PS I already blocked all spiders in /robots.txt with:
The advice given by G was to block the dual content you don't want to index, otherwise they choose one.
Of they choose for a short period of time the wrong one, remove your testboard to directory three and 301 to the real directory.
In fact why don't do this right now. 301 everything from the testboard to the real one and restart your test in another directory this time removing adsense.
I'm worried about duplicate content.
I wouldn't worry too much about duplicate content in this instance, and certainly wouldn't use a 301. If you've blocked any further crawling on the test board, I believe the pages will eventually go supplemental and then a long time later (a year) they will drop out of the index. In the meantime no harm will be done.

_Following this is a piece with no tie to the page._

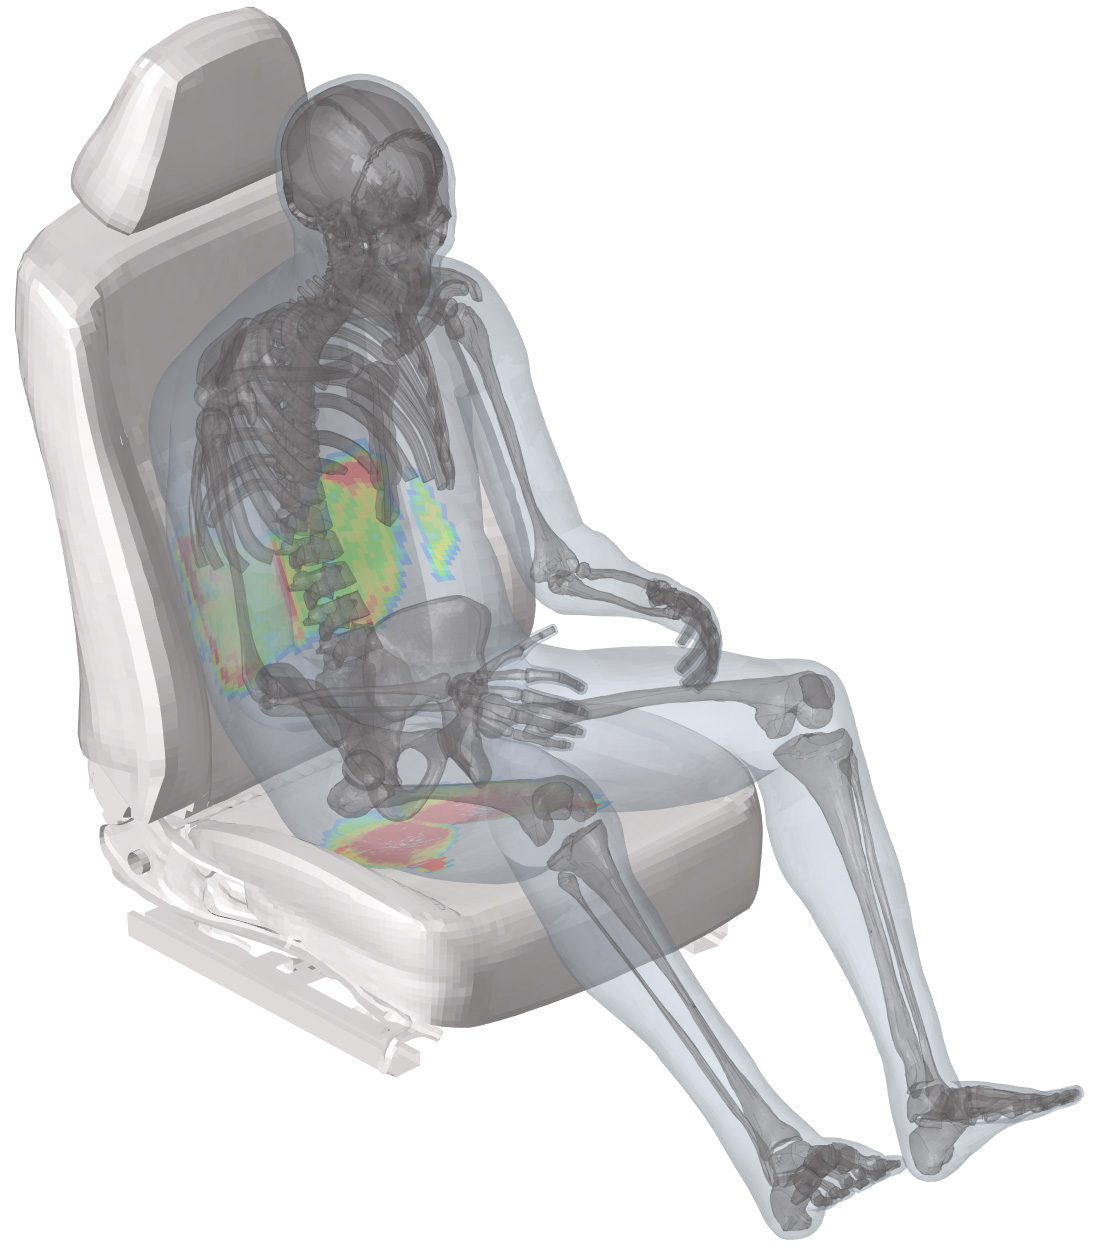 Knochenmodell EMMA auf einem Autositz
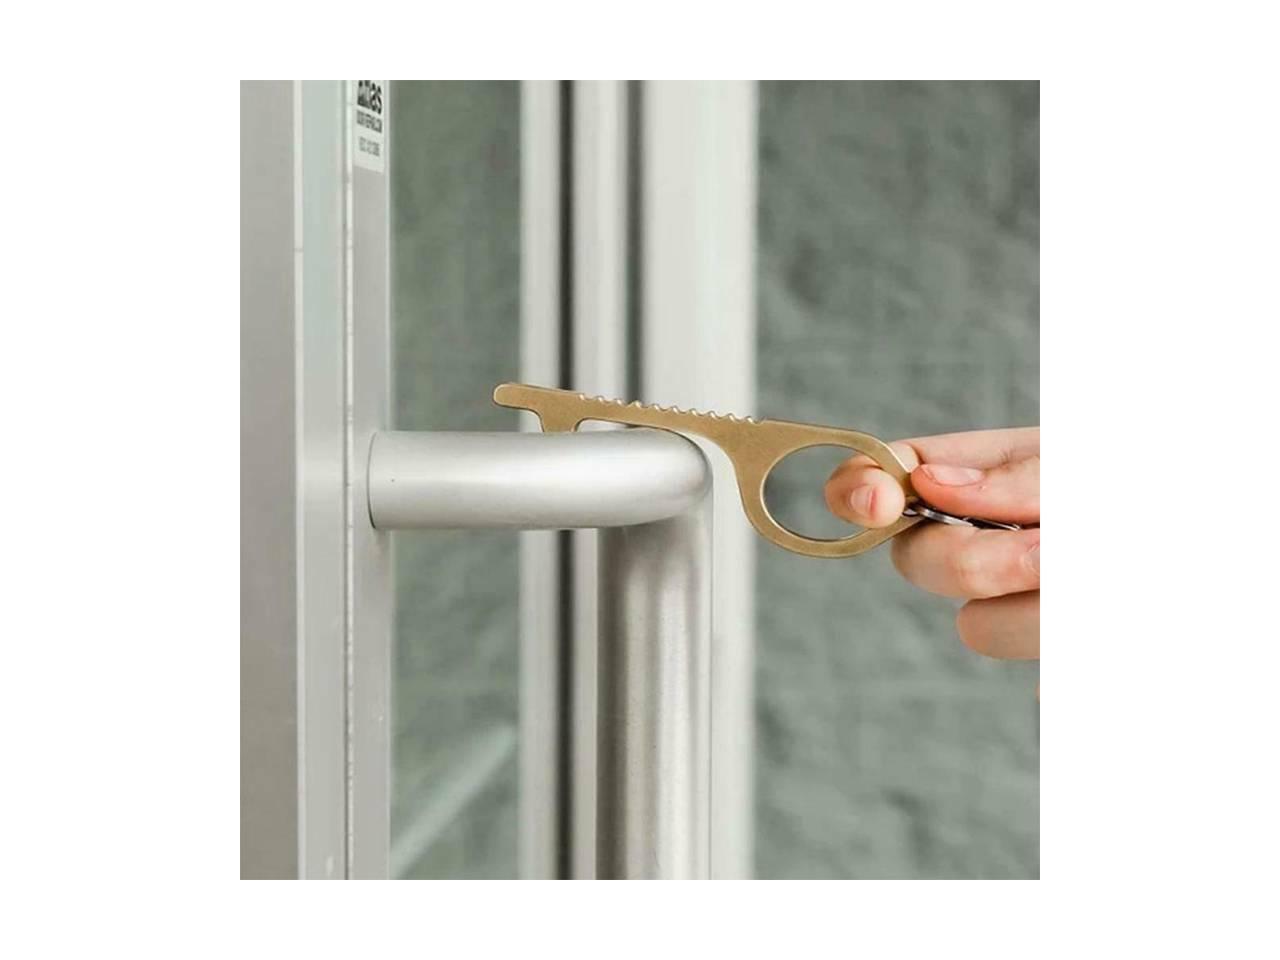 Gold general3 Brass Portable/Zero Contact Multifunction Avoid Contact Elevator Door Handles Public Portable Door Safety Hygienic Door Handle EDC Door Opener Easy To Carry

and certainly wouldn't use a 301
How does a 301 hinder crawling? :\
How can Webmasters proactively address duplicate content issues?
# Block appropriately: Rather than letting our algorithms determine the "best" version of a document, you may wish to help guide us to your preferred version. For instance, if you don't want us to index the printer versions of your site's articles, disallow those directories or make use of regular expressions in your robots.txt file.
# Use 301s: If you have restructured your site, use 301 redirects ("RedirectPermanent") in your .htaccess file to smartly redirect users, the Googlebot, and other spiders.
I placed the robots.txt inside the testboard folder.
Note that robots.txt can only be placed in the document root for your site, never in a folder - it will never be fetched from there. You should exclude the teastboard folder within your main robots.txt instead.